Posted: 3/11/2012 10:02:23 AM
I'm tiring of the female forumites bashing on about this being oppression of Muslim women. This is not about whether women are oppressed, this is about an item of clothing worn to follow the rules of a religion/culture these people are part of and fully believe in.

Sikh men have to wear a turban.
Orthodox Jewish boys and men have to wear those daft hats and ringlets.
Jewish and Muslim boys have to be circumcised.

So are they oppressed too, or could it be that they go ahead with these "rules" because that's what they believe in?

Or do none of those things matter, because they're men and can't possibly be oppressed?
 pauline2012
Joined: 11/28/2011
Msg: 150
Wearing the burka in the UK.
Posted: 3/11/2012 10:21:39 AM

I'm tiring of the female forumites bashing on about this being oppression of Muslim women.

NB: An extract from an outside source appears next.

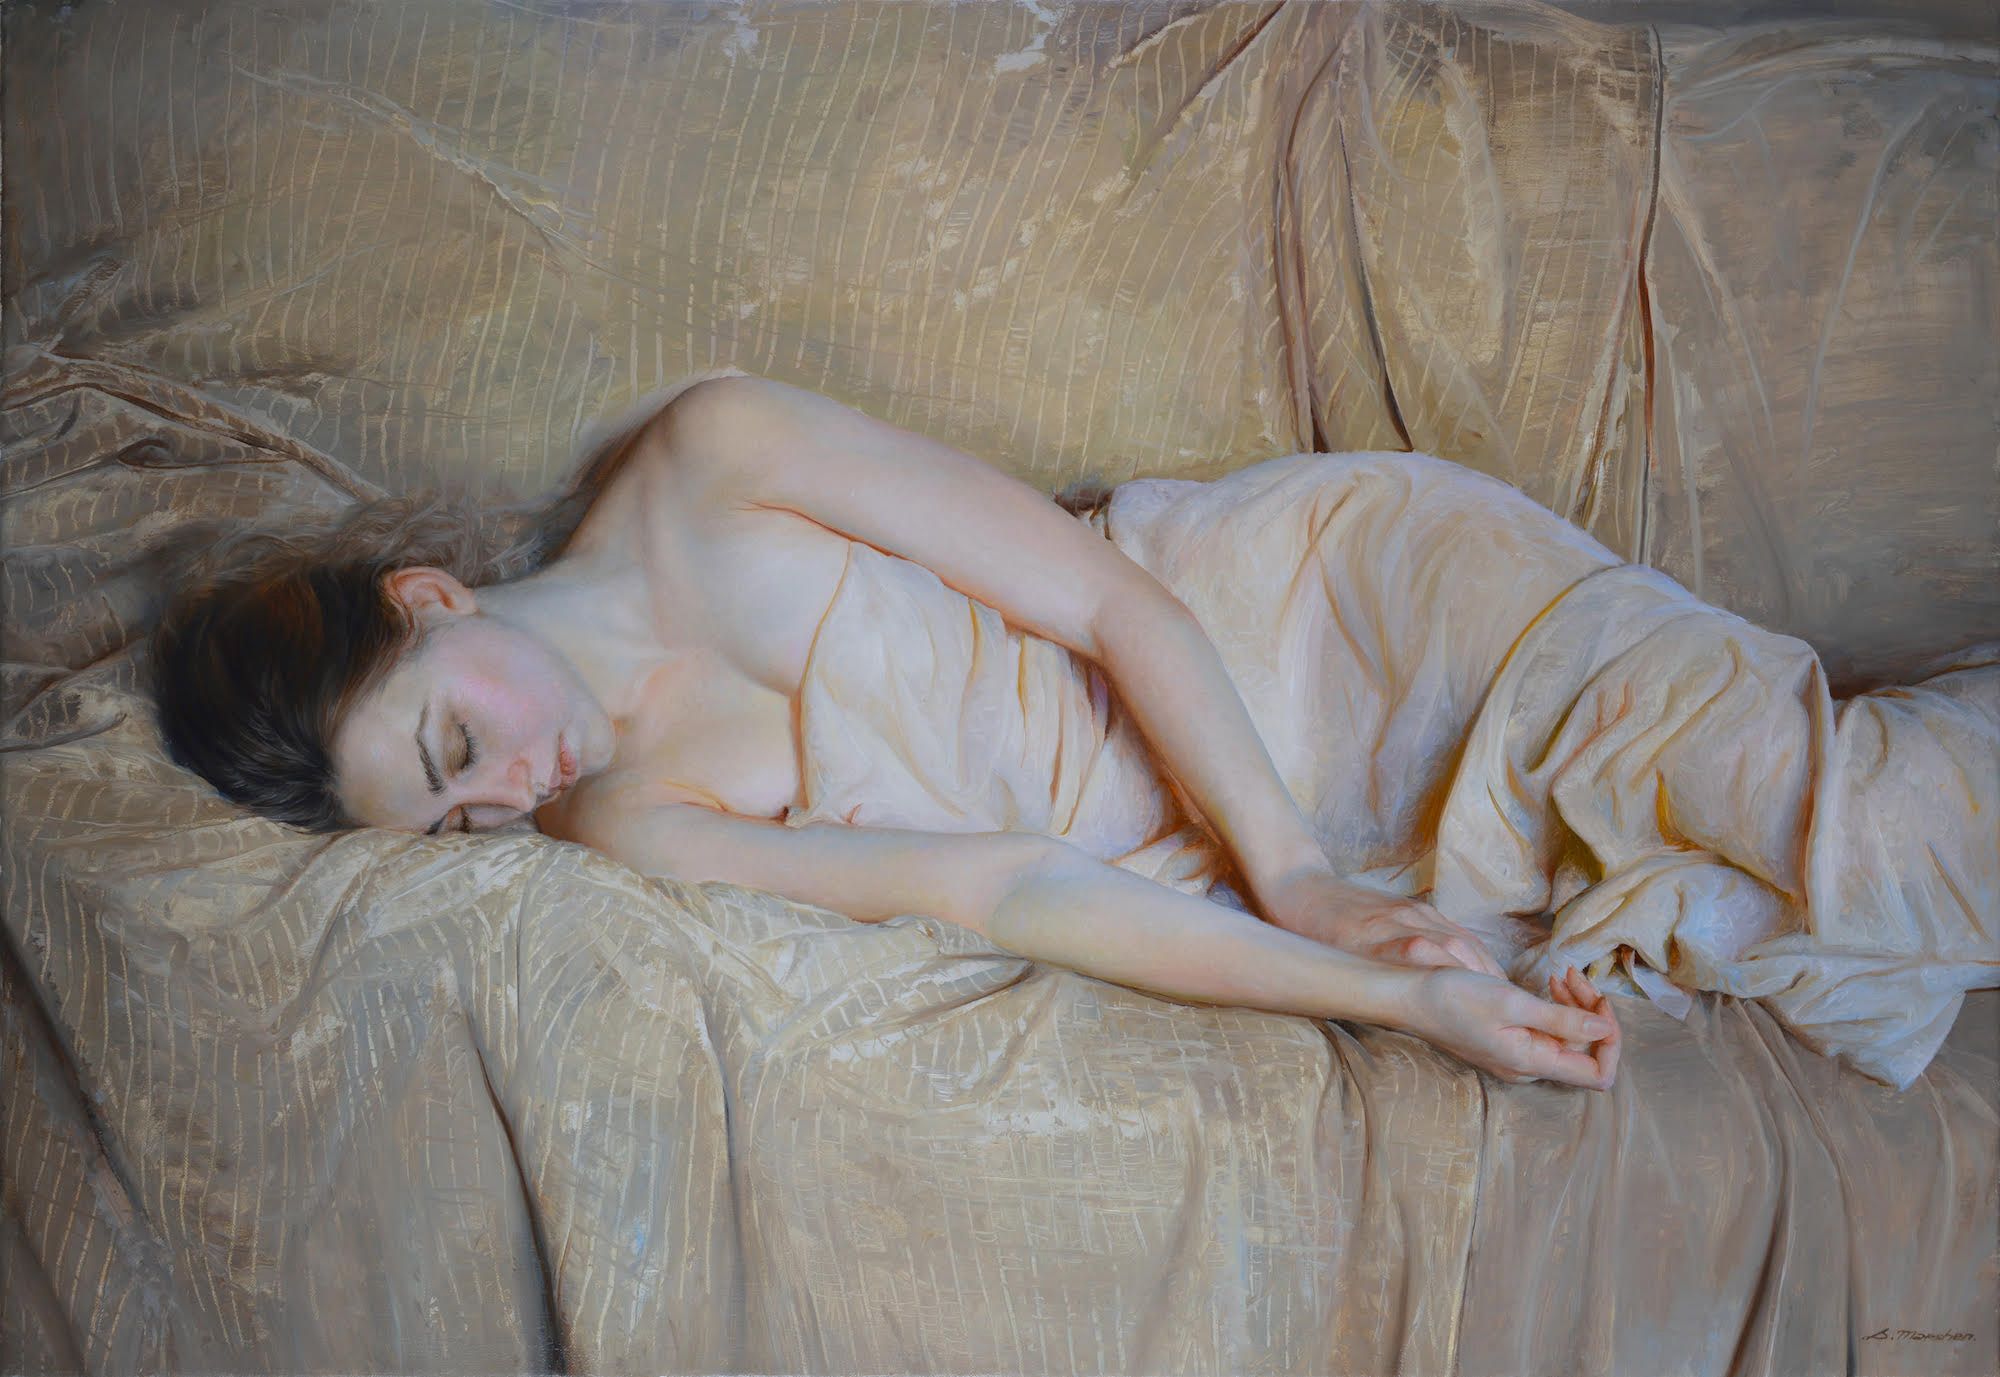 General 2000x1377 Serge Marshennikov painting women sleeping

But as Im sure you are aware people interpret threads differently and may have a polar opposite from you that they are allowed to forum and post accordingly.

Do Muslim men have to wear a burka? Also speaking as someone who lives in the West of Scotland and we have a large Muslim population here, I don't think I've ever seen anyone in public wearing a burka.

Perhaps on the scale of things Muslim women are more oppressed within their culture than Muslim men are. My mum has Kurdish friends and one of the friends of my mum's friend practices Purdah which I believe means he believes in the segregation of the sexes and she has to leave the room when his friend is in the house.

I'm aware that many Muslims worship and practice to varying degrees and some may be very westernised but it might be fair to say that women aren't treated equally when it comes to Islam.